Introduction

Magnetic resonance imaging (MRI) is increasingly used in evaluating children’s brain because, different from computed tomography, it entails no radiation exposure and provides superior soft tissue contrast. However, MRI is an inherently slow technique; therefore, parameters should be adjusted to maximize the image quality at a limited scanning time, especially in children who cannot stay still for a long time and frequently need to be sedated for examinations. Many techniques, such as parallel imaging, partial Fourier, and compressed sensing, have been developed to reduce scan time and are used in practice. However, signal-to-noise and/or spatial resolution is often compromised [1, 2].

Recently, deep learning techniques have been applied in various medical imaging fields. In particular, deep learning–based MRI reconstruction has recently been introduced to improve image quality while decreasing computational power and reconstruction time. One of the novel deep learning–based MRI reconstructions (AIR™ Recon DL, GE Healthcare) has become commercially available. Instead of traditional reconstructions using the Fourier transform, this novel deep learning–based MRI reconstruction takes raw k-space data as input and uses a convolutional neural network trained on millions of pairs of low- and high-quality images to directly produce high-fidelity images as output. Recent clinical studies using the prototype of AIR Recon DL have demonstrated improved image quality in brain imaging [3, 4] and orthopedic [5, 6], cardiac [7,8,9], prostate [10, 11], and peripheral nerve MRI [12].

However, to the best of our knowledge, all studies have been conducted in adults, and no study has been conducted regarding the usefulness of DLR in pediatric brain imaging. For children, such image quality improvement techniques are necessary because of their smaller voxel size and relatively tight scan times compared to adults.

Therefore, our study aimed to evaluate the performance of newly developed deep learning reconstruction (DLR) in pediatric brain T2-weighted images by comparing with the conventional filtered and original T2-weighted images.

Materials and methods

Our Institutional Review Board approved this retrospective study and waived the requirement for informed consent.

Study population

From February 2021 to March 2021, 109 consecutive brain MR examinations in the 3.0 T brain MRI (SIGNA Premier, GE Healthcare) with axial T2-weighted sequence were used in this study. Two children underwent brain MRI twice. Therefore, a total of 107 Asian children (51 boys and 56 girls; mean age, 8.5 years [age range, 2 months–18 years]) were included. These patients were imaged for a variety of clinical indications: initial work-up for symptoms (seizure [n = 9], headache [n = 8], developmental delay [n = 2], focal neurologic deficit [n = 2], microcephaly or macrocephaly [n = 4], scalp or skull lesions [n = 3], evaluation of multiple anomalies [n = 4], miscellaneous [n = 5]) or follow-up for tumor (n = 31), or follow-up for Moyamoya disease (n = 12), congenital vascular anomaly (n = 3), hypoxic–ischemic brain injury (n = 8), metabolic disease (n = 4), congenital brain malformation (n = 4), neurocutaneous syndrome (n = 2), and other conditions (n = 6).

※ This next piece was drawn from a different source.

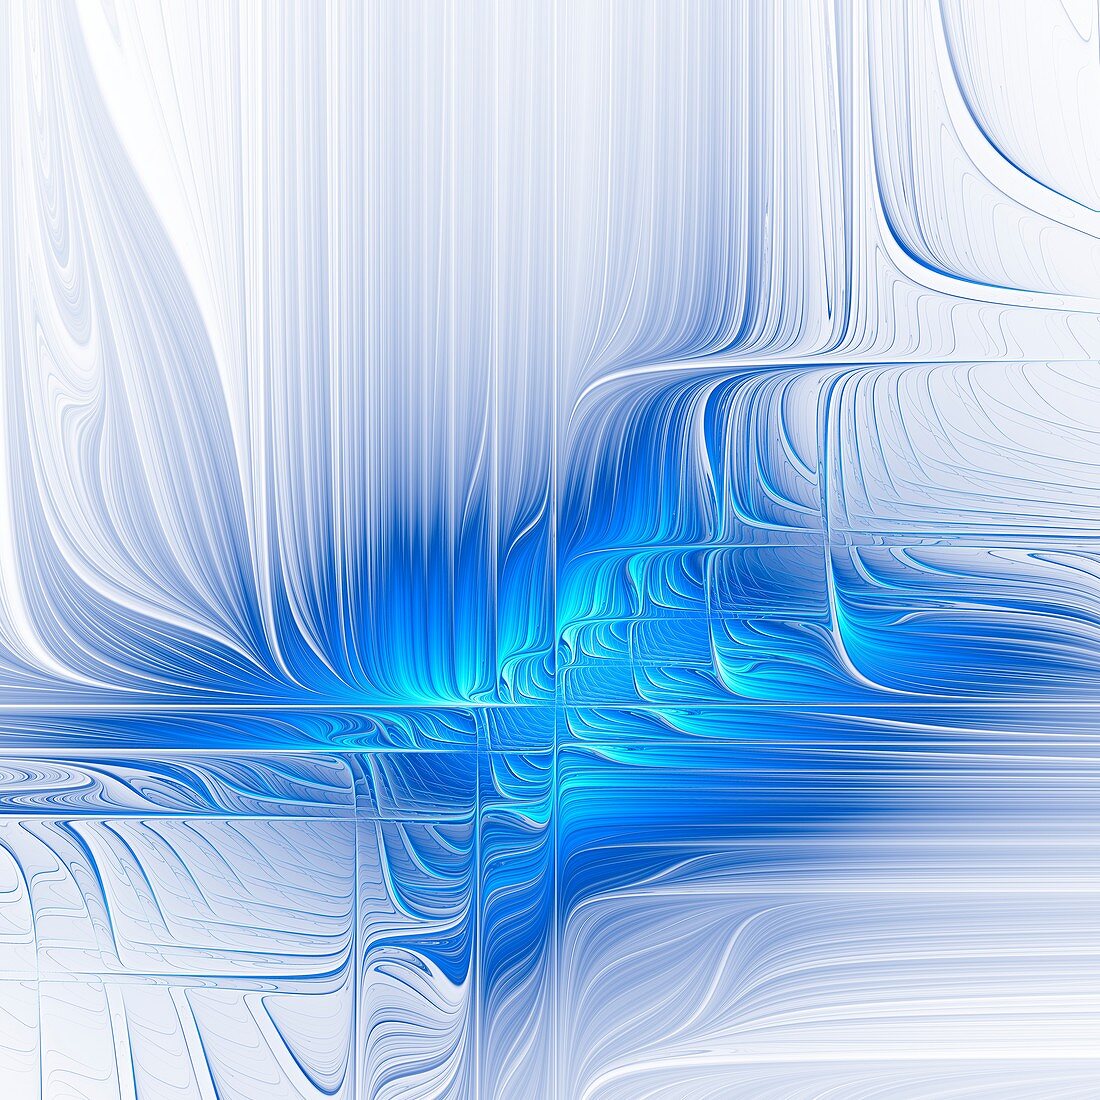 Fractal abstract of blue and white lines.

Of the 107 patients, 36 (33.6%) showed focal abnormalities on MRI. The specific types of neuropathologic abnormalities evaluated in the 36 patients were as follows: brain tumor (n = 11), focal infarction (n = 10), focal parenchymal lesion of metabolic disease (n = 5), focal developmental lesion (n = 4), intracranial hemorrhage (n = 2), and miscellaneous (n = 4).

All of these lesions were annotated on the Picture Archiving and Communication System (PACS) by one radiologist (L.S.B. with 7 years of experience in radiology) prior to subsequent evaluation of lesion conspicuity.

Magnetic resonance imaging acquisition

MRI was performed using a 3-T MRI system (SIGNA Premier, GE Healthcare) with a 48-channel head coil. Axial T2-weighted sequences were obtained using the following parameters: repetition time/echo time, 3386–5294/102–105 ms; flip angle, 142°; field of view, 180–220 mm; matrix sizes, 360 × 260 or 416 × 300; slice thickness, 3–4 mm; slice spacing, 0–1 mm; number of acquisitions, 1; and echo-train length, 13–15. The scanning time was 1 min 50 s, on average.

Axial T2-weighted brain MRI was reconstructed using the three different reconstruction modes: DLR (AIR™ Recon DL), conventional reconstruction with intensity filter A (little sharpening, some smoothing) reconstruction, and original T2 image without a filter. In DLR, users can modify the noise reduction factor. In this study, we employed a high noise reduction factor.

A 50 mg/kg dose of oral chloral hydrate was used to sedate uncooperative children in our institution.

Qualitative analysis

To qualitatively compare image quality among the three reconstruction modes, two pediatric radiologists (C. Y. H. and K. S. H., with 1 and 7 years of experience, respectively) evaluated the following seven image quality parameters of the three reconstructed images on a Likert 5-point scale: overall image quality, image noisiness, sharpness of gray–white matter differentiation, truncation artifact, motion artifact, cerebrospinal fluid (CSF) and vascular pulsation artifacts, and lesion conspicuity. The reviewers evaluated all image series on the PACS database. No restrictions were applied to window level setting adjustments regarding time or ability to scroll through the images. The two reviewers were blinded to patient information, including the patient’s disease and scan parameters that would identify the type of sequence. Reviewers were also asked to report if artifacts that were not present in the conventional or original reconstructions were observed in DLR.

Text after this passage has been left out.